- Cuban poet
- Born: July 2, 1920 Havana
- Died: March 1, 1994 (aged 73) Mexico City
- Education: University of Havana
- Occupations: Poet, professor
- Notable work: En la calzada de Jesús del Monte, 1949
- Awards: Máximo Gorki Award 1979 for his Spanish versions of poems by great Russian writers Premio Nacional de Literatura de Cuba 1986 International Award for Latin American and Caribbean Literature Juan Rulfo 1993
- Honours: Doctor honoris causa from the Universidad del Valle (Cali, 1992)

= Eliseo Diego =

Cuban poet

Eliseo Diego (July 2, 1920 – March 1, 1994) was a Cuban poet praised for his lyric poetry, and short stories. He was born in Havana and died in Mexico City. Diego, the father of writer Eliseo Alberto, won the Mexican Juan Rulfo Prize in 1993.

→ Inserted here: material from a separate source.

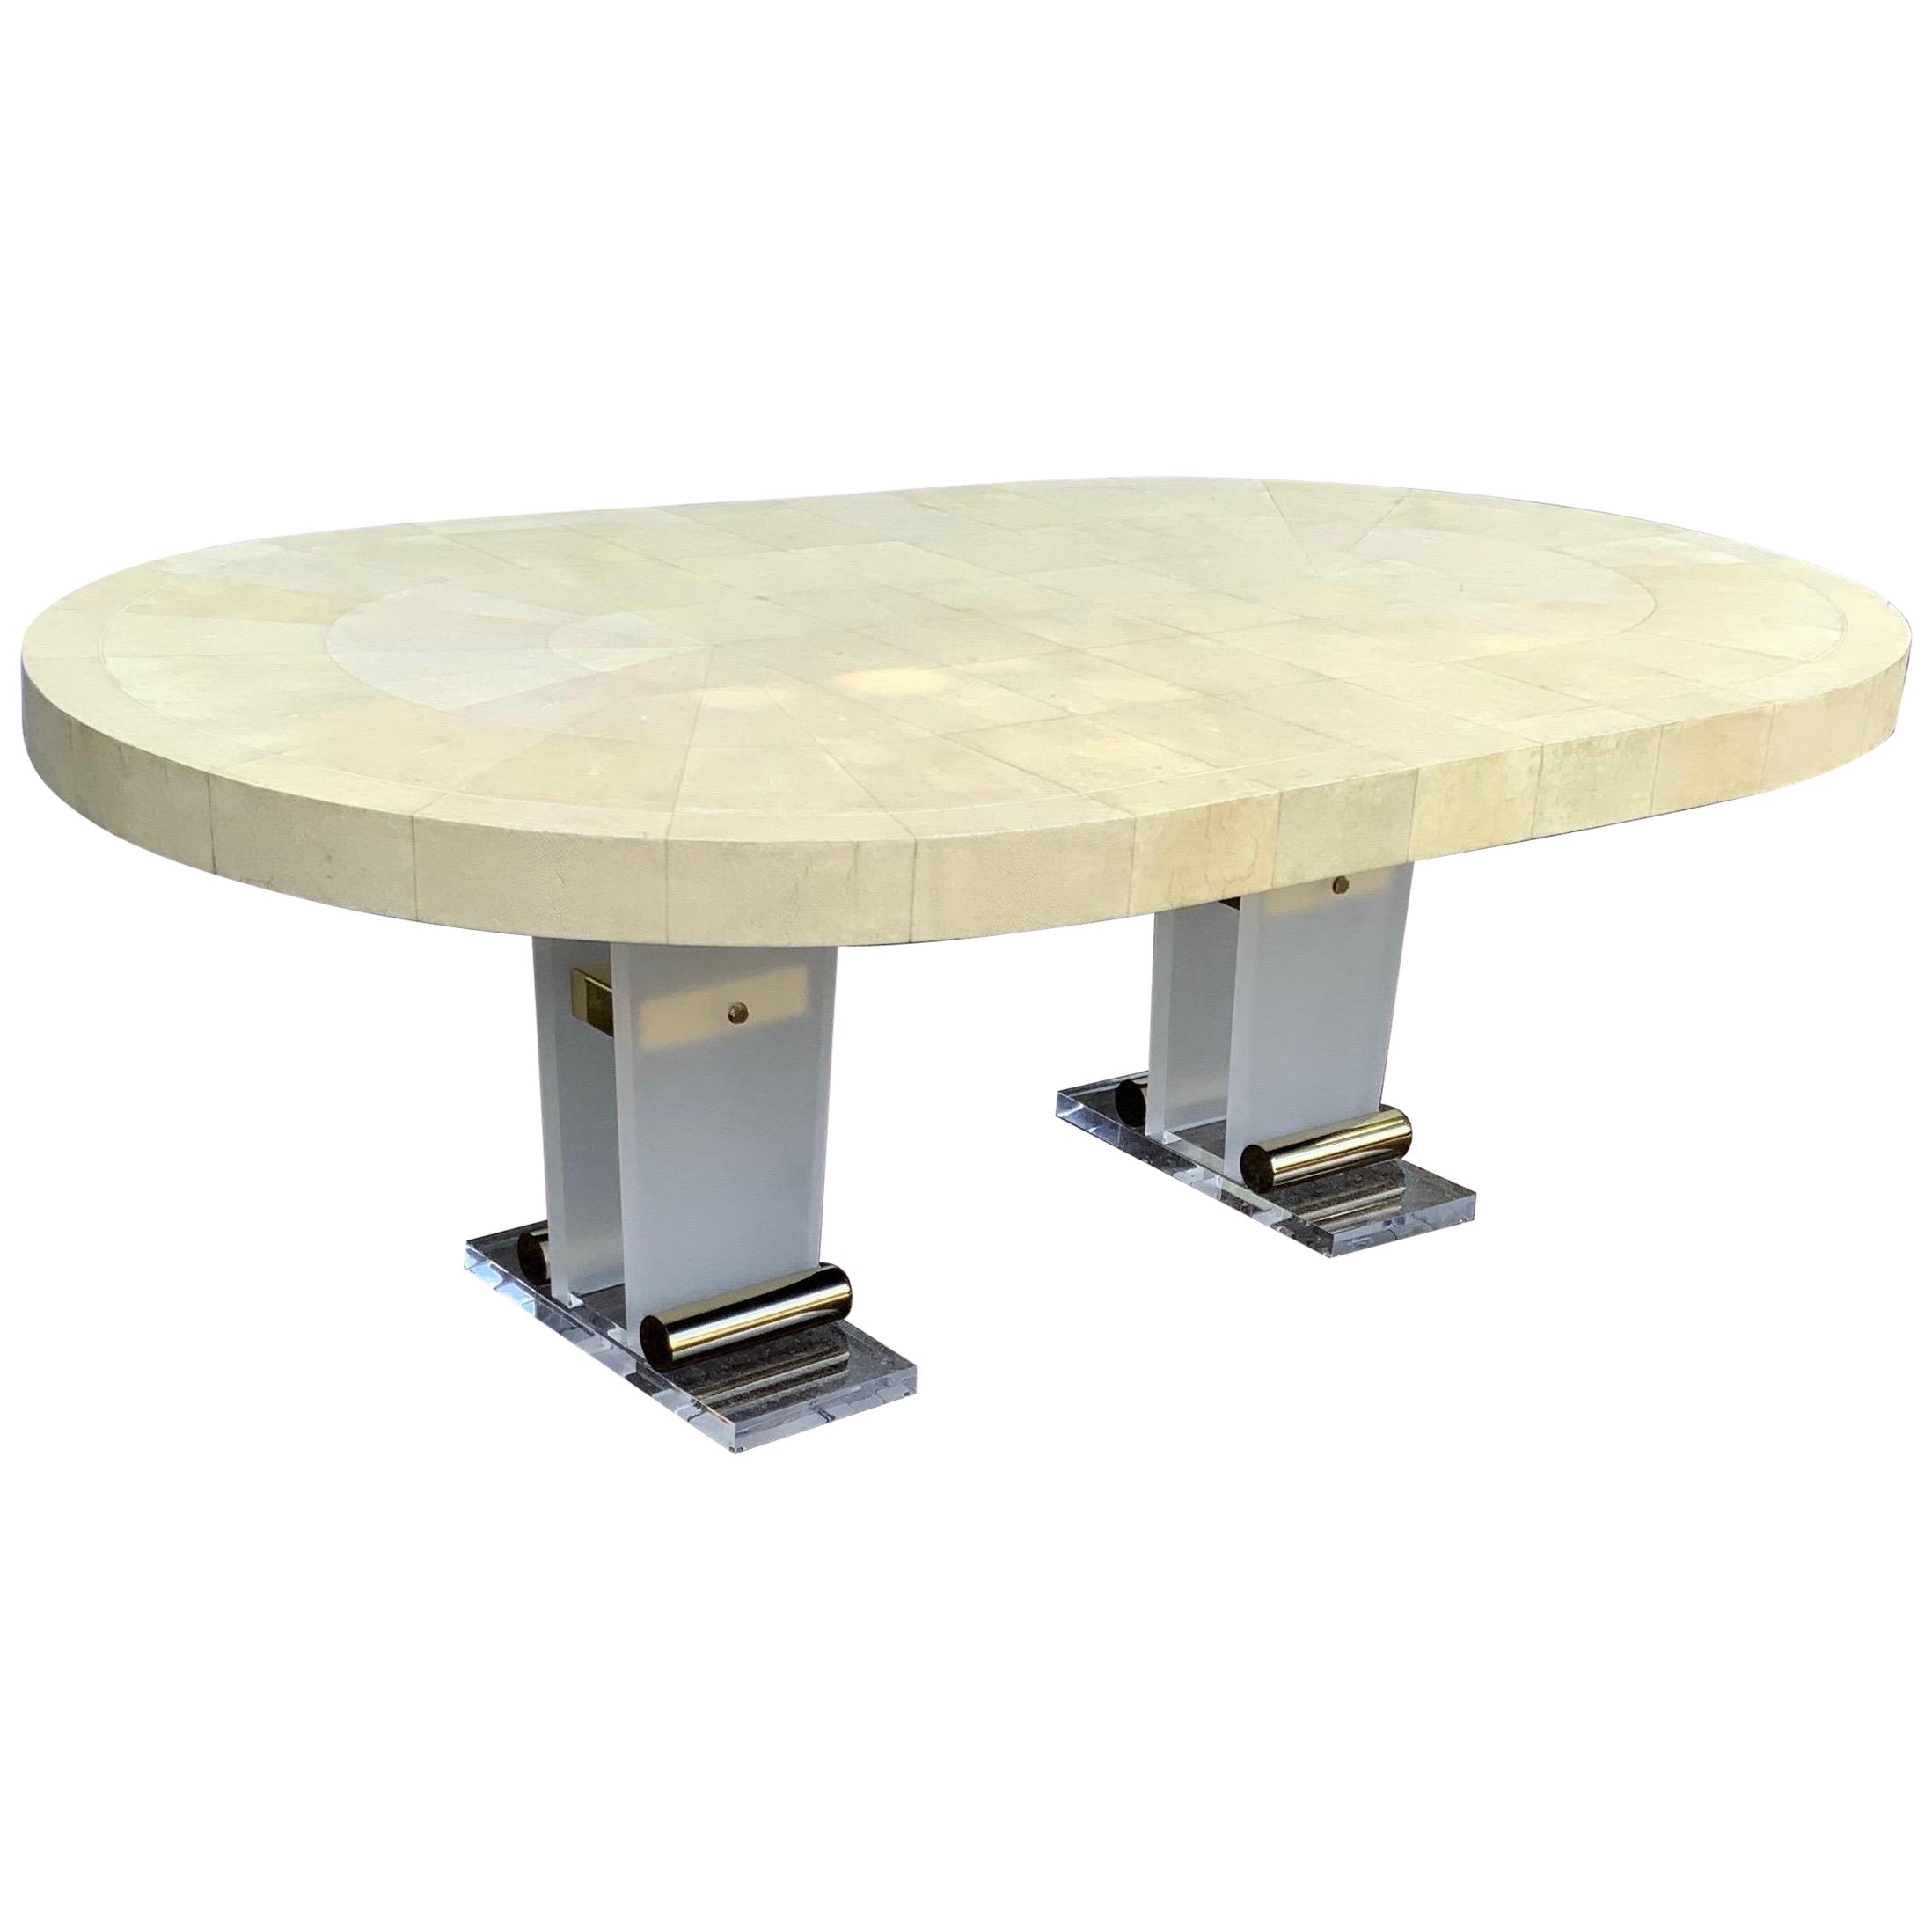 Ron Seff Shagreen and Lucite Dining Room Table For Sale
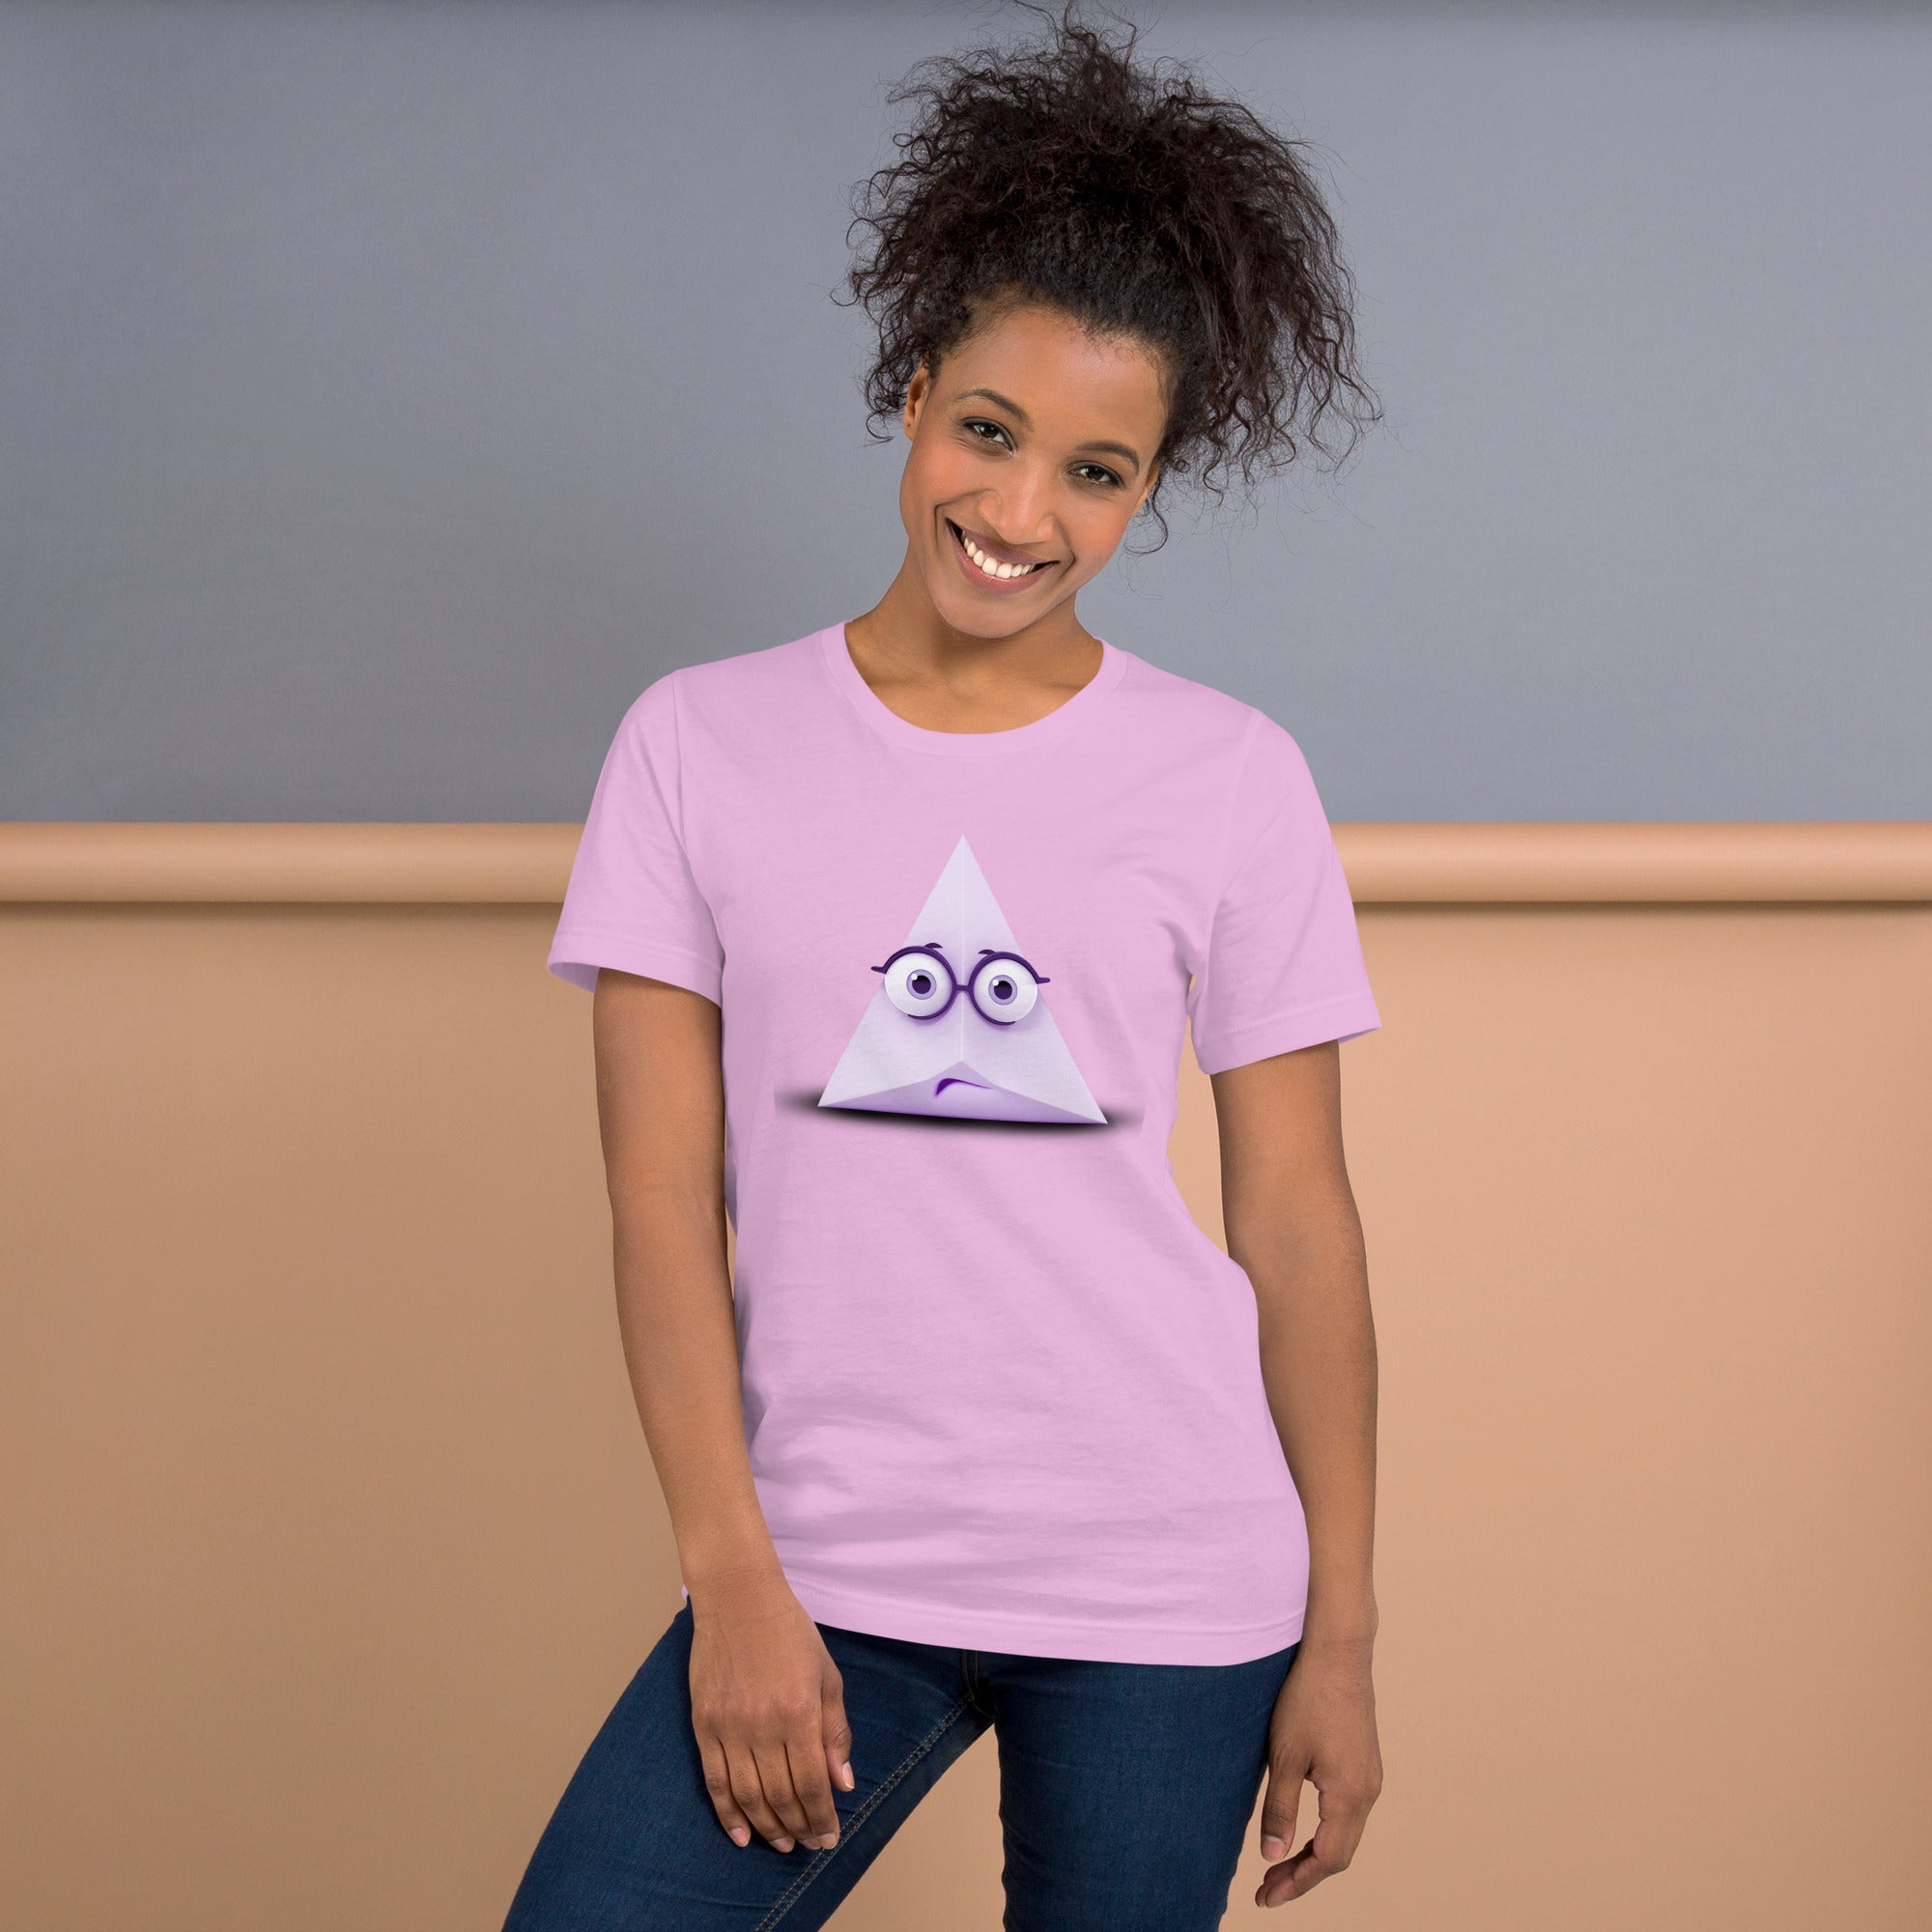 Comfortable Unisex Tee with Crying Face Emoji Print

He published his first collection of poetry, En las Oscuras Manos del Olvido ("In the Dark Hands of Forgetting"), at 22. He was part of the Cuban literary group Origines in the 1950s. Praised as a lyric poet and writer of short stories, he was also a translator of fairy tales, and some of his poems were directly based on fairy tales. For Diego, fairy tales were also instrumental in the literacy education of the Cuban population after the 1959 Cuban Revolution.